The Minneapolis Internal Affairs Division and state crime bureau are investigating a Minneapolis police employee for possible wage theft related to overtime.
An Minneapolis Police Department spokesman said its Internal Affairs Division uncovered “potential criminal conduct related to overtime” and at Chief Brian O’Hara’s request, the Bureau of Criminal Apprehension (BCA) is conducting the investigation. MPD will not comment on the open investigation, the spokesman said.
A senior special agent with the BCA applied for a search warrant July 8 for employment records for a Minneapolis Police Department civilian employee, a crime-prevention specialist in his 30s.
The Minnesota Star Tribune typically does not name suspects until they are charged.
The BCA agent wrote in the application that he’s assisting with an MPD wage-theft case investigating allegations the crime-prevention specialist falsely claimed overtime while working for both MPD and the University of Minnesota.
The employee told the Star Tribune he wasn’t aware of any investigation, and still works for the city and university.

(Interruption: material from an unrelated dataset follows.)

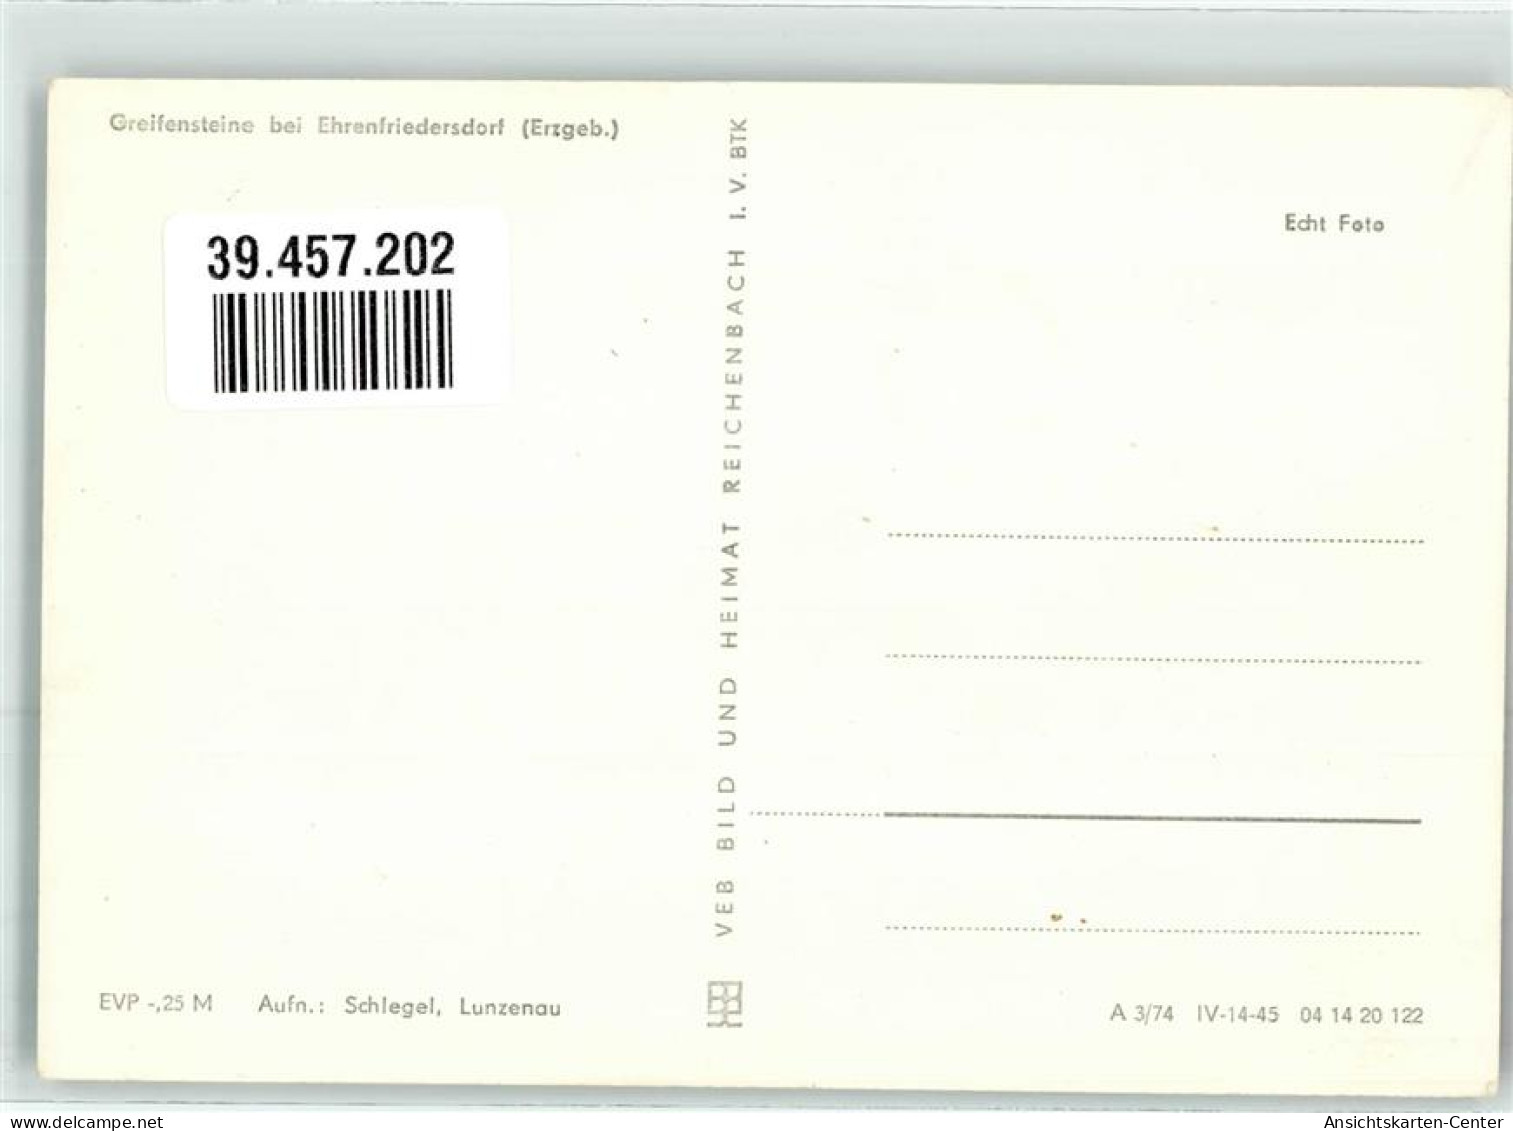 39457202 - Ehrenfriedersdorf - Ehrenfriedersdorf

The MPD has logged skyrocketing overtime since the police killing of George Floyd in 2020. A wave of police officers left their jobs in the aftermath, creating staffing shortfalls. The force shrank from about 900 officers before Floyd’s murder to 560 in the spring of 2024, the lowest in at least four decades.
Heavy overtime, combined with retroactive overtime pay in the current police labor contract, combined to create record spending in that category last year of $28 million, some $12 million more than was budgeted. That pushed 66 employees’ overtime into six figures last year, according to MPD officials.